The entries are to be repeated in full, without any change.

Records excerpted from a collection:
+---+

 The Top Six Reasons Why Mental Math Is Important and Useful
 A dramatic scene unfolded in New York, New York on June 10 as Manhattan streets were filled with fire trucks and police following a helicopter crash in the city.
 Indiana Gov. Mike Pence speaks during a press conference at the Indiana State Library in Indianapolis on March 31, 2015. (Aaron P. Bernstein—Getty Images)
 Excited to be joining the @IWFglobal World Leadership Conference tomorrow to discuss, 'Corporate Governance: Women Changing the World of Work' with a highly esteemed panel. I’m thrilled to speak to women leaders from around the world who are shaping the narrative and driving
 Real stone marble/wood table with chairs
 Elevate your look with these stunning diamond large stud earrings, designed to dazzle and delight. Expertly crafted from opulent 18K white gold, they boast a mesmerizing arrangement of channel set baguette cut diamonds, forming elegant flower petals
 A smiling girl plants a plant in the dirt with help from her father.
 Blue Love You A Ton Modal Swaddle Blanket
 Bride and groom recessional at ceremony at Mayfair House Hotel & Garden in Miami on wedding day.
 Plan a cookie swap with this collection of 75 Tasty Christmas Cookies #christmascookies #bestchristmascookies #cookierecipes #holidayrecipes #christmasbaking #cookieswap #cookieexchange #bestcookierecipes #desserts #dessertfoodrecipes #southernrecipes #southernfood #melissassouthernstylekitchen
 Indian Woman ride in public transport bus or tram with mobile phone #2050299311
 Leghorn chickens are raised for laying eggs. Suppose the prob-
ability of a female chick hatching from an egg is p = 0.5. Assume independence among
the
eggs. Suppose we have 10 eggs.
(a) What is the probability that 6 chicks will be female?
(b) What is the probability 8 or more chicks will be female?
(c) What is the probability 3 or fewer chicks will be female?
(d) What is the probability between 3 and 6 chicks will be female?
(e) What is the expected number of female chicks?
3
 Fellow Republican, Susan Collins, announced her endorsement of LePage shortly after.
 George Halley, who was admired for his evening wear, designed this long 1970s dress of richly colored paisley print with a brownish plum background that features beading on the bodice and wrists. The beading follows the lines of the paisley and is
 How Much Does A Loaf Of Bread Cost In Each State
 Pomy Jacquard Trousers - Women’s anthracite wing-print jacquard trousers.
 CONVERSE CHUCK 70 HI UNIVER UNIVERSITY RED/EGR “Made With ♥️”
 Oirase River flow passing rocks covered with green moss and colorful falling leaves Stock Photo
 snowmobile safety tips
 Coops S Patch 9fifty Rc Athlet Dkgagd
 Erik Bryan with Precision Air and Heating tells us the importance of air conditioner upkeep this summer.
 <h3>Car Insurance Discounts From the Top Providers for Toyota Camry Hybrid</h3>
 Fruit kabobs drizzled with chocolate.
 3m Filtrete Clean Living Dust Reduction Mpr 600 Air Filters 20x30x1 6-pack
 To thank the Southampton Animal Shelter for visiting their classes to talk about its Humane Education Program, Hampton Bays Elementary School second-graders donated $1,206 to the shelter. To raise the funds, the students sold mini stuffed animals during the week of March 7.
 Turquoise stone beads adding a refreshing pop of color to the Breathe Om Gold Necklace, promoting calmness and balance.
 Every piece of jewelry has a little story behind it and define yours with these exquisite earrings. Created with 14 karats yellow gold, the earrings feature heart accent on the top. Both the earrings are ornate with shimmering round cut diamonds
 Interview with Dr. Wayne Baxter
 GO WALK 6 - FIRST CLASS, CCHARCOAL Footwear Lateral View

+---+

§ Output of the exercise:
 The Top Six Reasons Why Mental Math Is Important and Useful
 A dramatic scene unfolded in New York, New York on June 10 as Manhattan streets were filled with fire trucks and police following a helicopter crash in the city.
 Indiana Gov. Mike Pence speaks during a press conference at the Indiana State Library in Indianapolis on March 31, 2015. (Aaron P. Bernstein—Getty Images)
 Excited to be joining the @IWFglobal World Leadership Conference tomorrow to discuss, 'Corporate Governance: Women Changing the World of Work' with a highly esteemed panel. I’m thrilled to speak to women leaders from around the world who are shaping the narrative and driving
 Real stone marble/wood table with chairs
 Elevate your look with these stunning diamond large stud earrings, designed to dazzle and delight. Expertly crafted from opulent 18K white gold, they boast a mesmerizing arrangement of channel set baguette cut diamonds, forming elegant flower petals
 A smiling girl plants a plant in the dirt with help from her father.
 Blue Love You A Ton Modal Swaddle Blanket
 Bride and groom recessional at ceremony at Mayfair House Hotel & Garden in Miami on wedding day.
 Plan a cookie swap with this collection of 75 Tasty Christmas Cookies #christmascookies #bestchristmascookies #cookierecipes #holidayrecipes #christmasbaking #cookieswap #cookieexchange #bestcookierecipes #desserts #dessertfoodrecipes #southernrecipes #southernfood #melissassouthernstylekitchen
 Indian Woman ride in public transport bus or tram with mobile phone #2050299311
 Leghorn chickens are raised for laying eggs. Suppose the prob-
ability of a female chick hatching from an egg is p = 0.5. Assume independence among
the
eggs. Suppose we have 10 eggs.
(a) What is the probability that 6 chicks will be female?
(b) What is the probability 8 or more chicks will be female?
(c) What is the probability 3 or fewer chicks will be female?
(d) What is the probability between 3 and 6 chicks will be female?
(e) What is the expected number of female chicks?
3
 Fellow Republican, Susan Collins, announced her endorsement of LePage shortly after.
 George Halley, who was admired for his evening wear, designed this long 1970s dress of richly colored paisley print with a brownish plum background that features beading on the bodice and wrists. The beading follows the lines of the paisley and is
 How Much Does A Loaf Of Bread Cost In Each State
 Pomy Jacquard Trousers - Women’s anthracite wing-print jacquard trousers.
 CONVERSE CHUCK 70 HI UNIVER UNIVERSITY RED/EGR “Made With ♥️”
 Oirase River flow passing rocks covered with green moss and colorful falling leaves Stock Photo
 snowmobile safety tips
 Coops S Patch 9fifty Rc Athlet Dkgagd
 Erik Bryan with Precision Air and Heating tells us the importance of air conditioner upkeep this summer.
 <h3>Car Insurance Discounts From the Top Providers for Toyota Camry Hybrid</h3>
 Fruit kabobs drizzled with chocolate.
 3m Filtrete Clean Living Dust Reduction Mpr 600 Air Filters 20x30x1 6-pack
 To thank the Southampton Animal Shelter for visiting their classes to talk about its Humane Education Program, Hampton Bays Elementary School second-graders donated $1,206 to the shelter. To raise the funds, the students sold mini stuffed animals during the week of March 7.
 Turquoise stone beads adding a refreshing pop of color to the Breathe Om Gold Necklace, promoting calmness and balance.
 Every piece of jewelry has a little story behind it and define yours with these exquisite earrings. Created with 14 karats yellow gold, the earrings feature heart accent on the top. Both the earrings are ornate with shimmering round cut diamonds
 Interview with Dr. Wayne Baxter
 GO WALK 6 - FIRST CLASS, CCHARCOAL Footwear Lateral View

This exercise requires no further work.